AWK - parse second column from git status command

I need to parse second column from output above - problem is, that if filename contains spaces and is surrounded by quotation marks.

Command:

$ git status -u -s

Output:

 D README.md
 D mail/falover.sh
?? "ahh/Nov nnsdfd file.txt"
?? fremover.sh
?? mail/ahooooj
?? mail/awww
?? mail/file_test
?? mail/git.sh
?? mail/test

Thank you a lot!

Upvotes: 2

Views: 1127

Answers (6)

Ole Lukøje
Ole Lukøje

Reputation: 672

git status -u -s | awk -F '/' '{gsub("\"","");print $NF}'  

if I understood the problem correctly

Upvotes: 0

nbari
nbari

Reputation: 26955

Try using the -porcelain=2 option that will remove the double quotes so that later you could use something like:

$ git status --porcelain=2 | cut -d" " -f9-

Note that this will only return tracked files if want to get all the files including the untracked ones also within quotes to try this;

$ git status --porcelain | cut -c4-

With awk this could be used:

$ git status --porcelain | awk '{$1 = ""; print substr($0, 2)}'

It works by setting the first column to "" and then printing the full line $0 but removing the space used as a delimiter using substr. (This will force awk to rebuild the entire record $0 using spaces as the new delimiter - check @Ed Morton explanation in the comments & https://stackoverflow.com/a/15475578/1135424)
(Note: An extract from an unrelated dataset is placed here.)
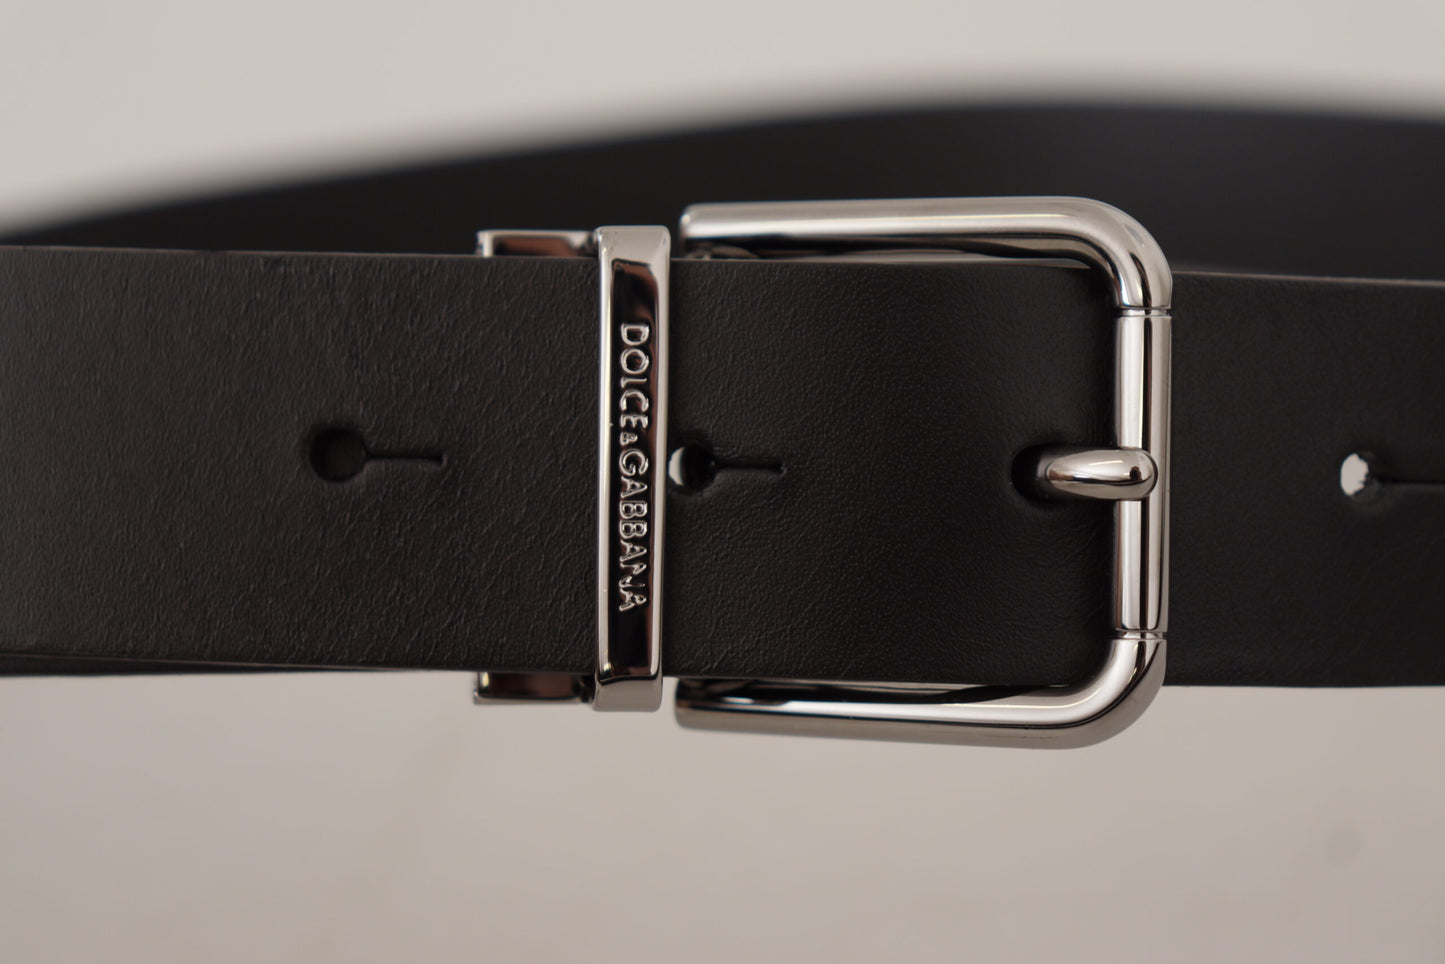 Elegant Black Leather Belt with Metal Buckle

Check the Porcelain Format Version 2

Upvotes: 1

jthill
jthill

Reputation: 60393

Don't have git status calculate the status and then scrape the status off its output, instead use git ls-files -o or git ls-files -o --exclude-standard to simply list the files you want directly.

Upvotes: 1

Ed Morton
Ed Morton

Reputation: 203985

Depending on if you want to retain the quotes or not:

$ sed -E 's/^ *[^ ]+ +//' file
README.md
mail/falover.sh
"ahh/Nov nnsdfd file.txt"
fremover.sh
mail/ahooooj
mail/awww
mail/file_test
mail/git.sh
mail/test

$ sed -E 's/^ *[^ ]+ +//; s/^"|"$//g' file
README.md
mail/falover.sh
ahh/Nov nnsdfd file.txt
fremover.sh
mail/ahooooj
mail/awww
mail/file_test
mail/git.sh
mail/test

If your sed doesn't support EREs by means of -E then:

$ sed 's/^ *[^ ]* *//; s/^"|"$//g' file
$ sed 's/^ *[^ ]* *//; s/^"//; s/"$//' file

Note that there is an edge case where this will fail and that is when your file name starts and ends with quotes (which is allowed for a UNIX file name). If that can happen then tell us about it in your question and include it in your sample input/output.

Upvotes: 1

Fabian N.
Fabian N.

Reputation: 3856

In case you don't actually need to use awk a simple cut would be enough:

git status -u -s | cut -d" " -f2-

-d" " sets space as the delimiter and -f2- selects every field except the first

Upvotes: 0

RavinderSingh13
RavinderSingh13

Reputation: 133610

In case you only need those lines which have " and you need 2nd field means values from " to " then following may help you.

your_command | awk 'match($0,/".*"/){print substr($0,RSTART+1,RLENGTH-2)}'

In case you want to print file names when " is present in output with all other line(which don't have " in them) then following may help you.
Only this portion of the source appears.